|
|
|
|
|
by formercoder
875 days ago
|
|
When I prototype RAG systems I don’t use a “vector database.” I just use a pandas dataframe and I do an apply() with a cosine distance function that is one line of code. I’ve done it with up to 1k rows and it still takes less than a second. |
|
Here's some back of the envelope math. Let's say you are using a 1B parameter LLM to generate the embedding. That's 2B FLOPs per token. Let's assume a modest chunk size, 2K tokens. That's 4 trillion FLOPs for one embedding.

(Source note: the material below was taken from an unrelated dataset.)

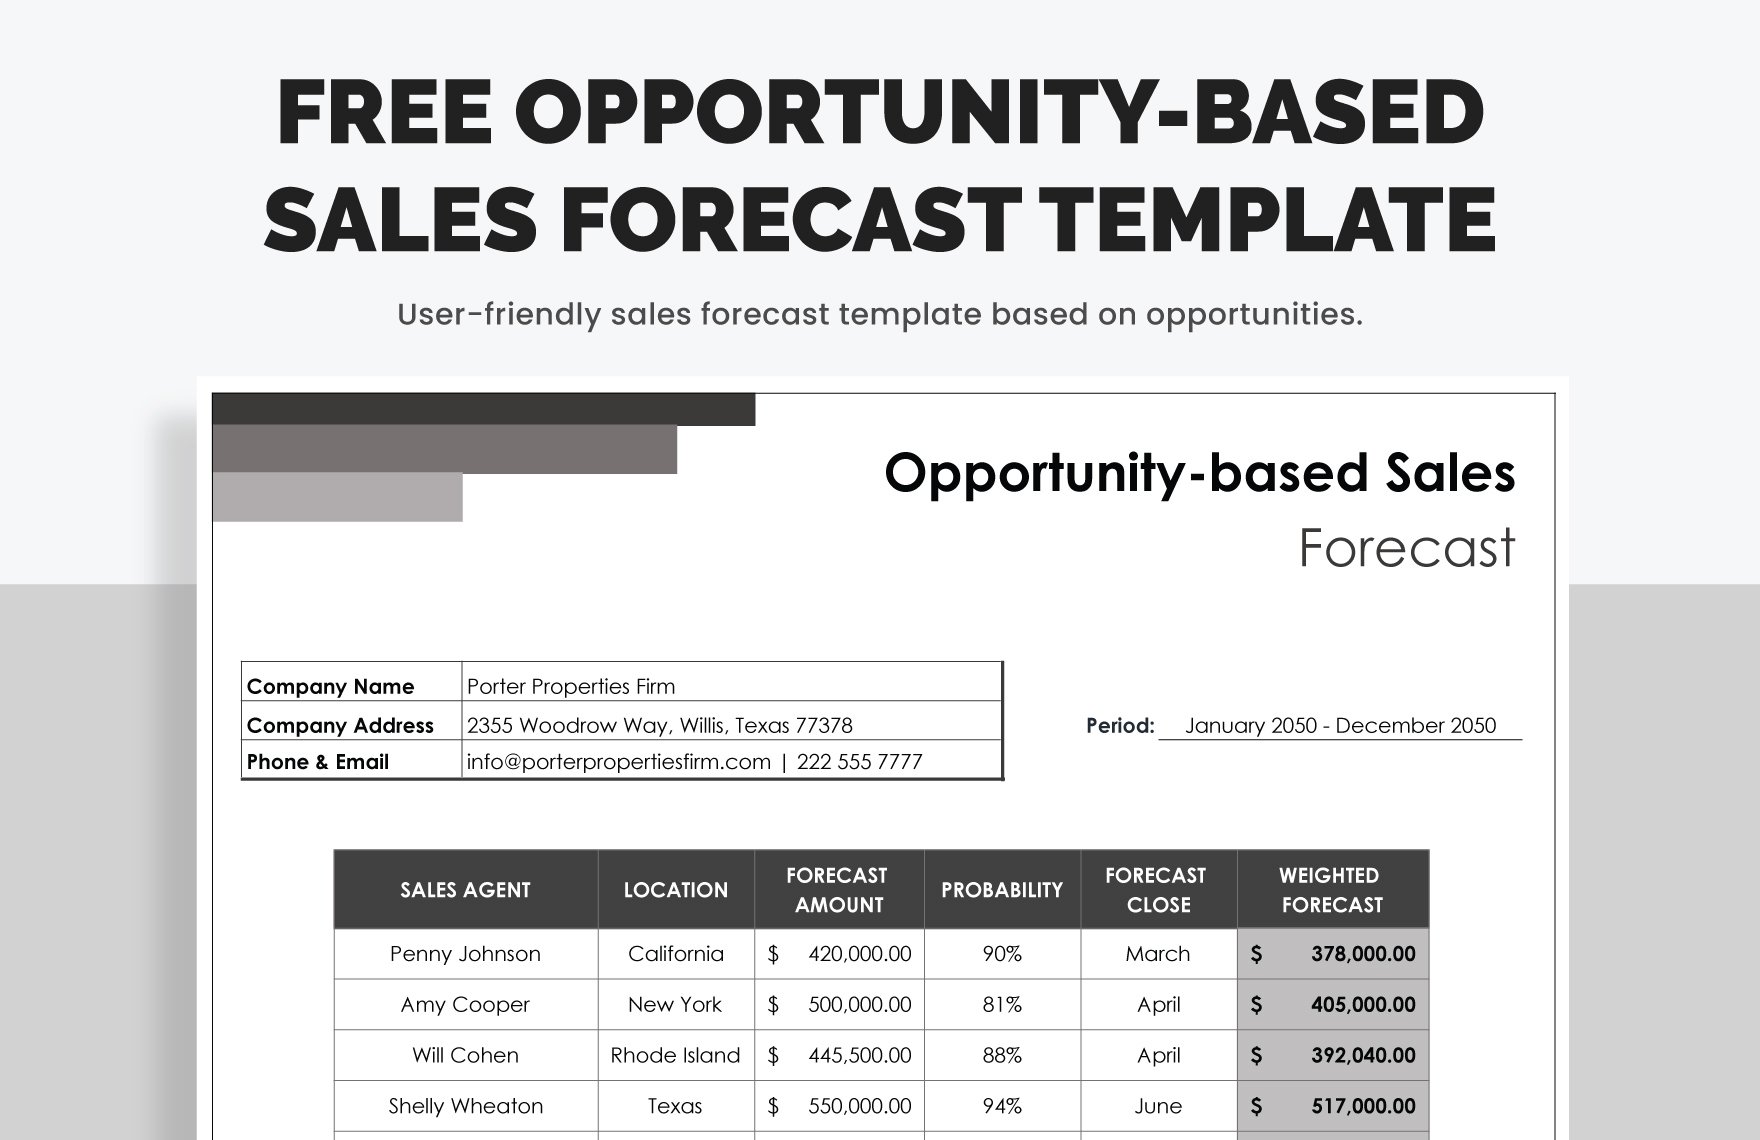 Opportunity-based Sales Forecast Template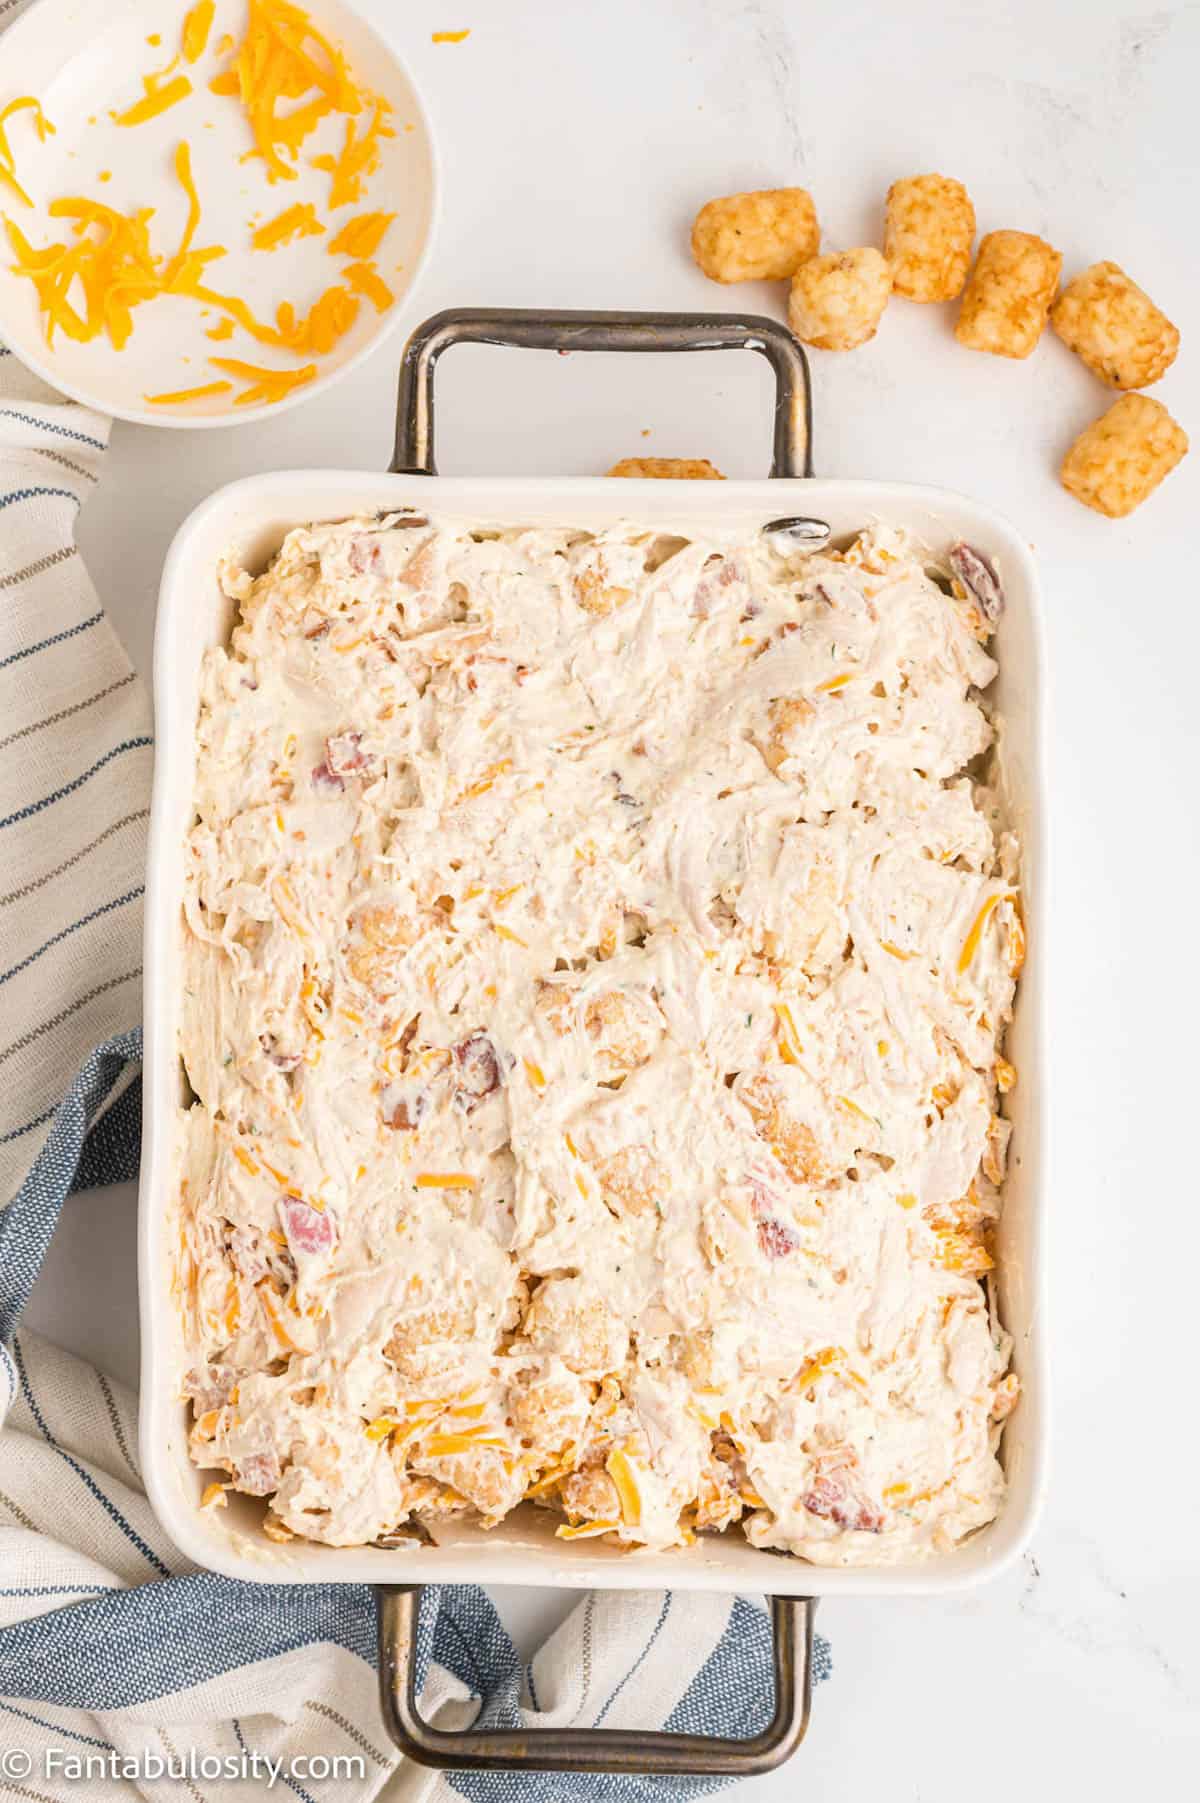 A white baking dish holds the unbaked contents of a creamy cheesy casserole ready to be baked

What about the dot product in the cosine similarity? Let's assume an embedding dim of 384. That's 2 * 384 = 768.
So 4 trillion ops for the embedding vs 768 for the cosine similarity. That's a factor of about 1 billion.
So you could have a billion embeddings - brute forced - before the lookup became more expensive than generating the embedding.
What does that mean at the application level? It means that the time needed to generate millions of embeddings is measured in GPU weeks.
The time needed to lookup an embedding using an approximate nearest neighbors algorithm from millions of embeddings is measured in milliseconds.
The game changed when we switched from word2vec to LLMs to generate embeddings.
1 billion times is such a big difference that it breaks the assumptions earlier systems were designed under.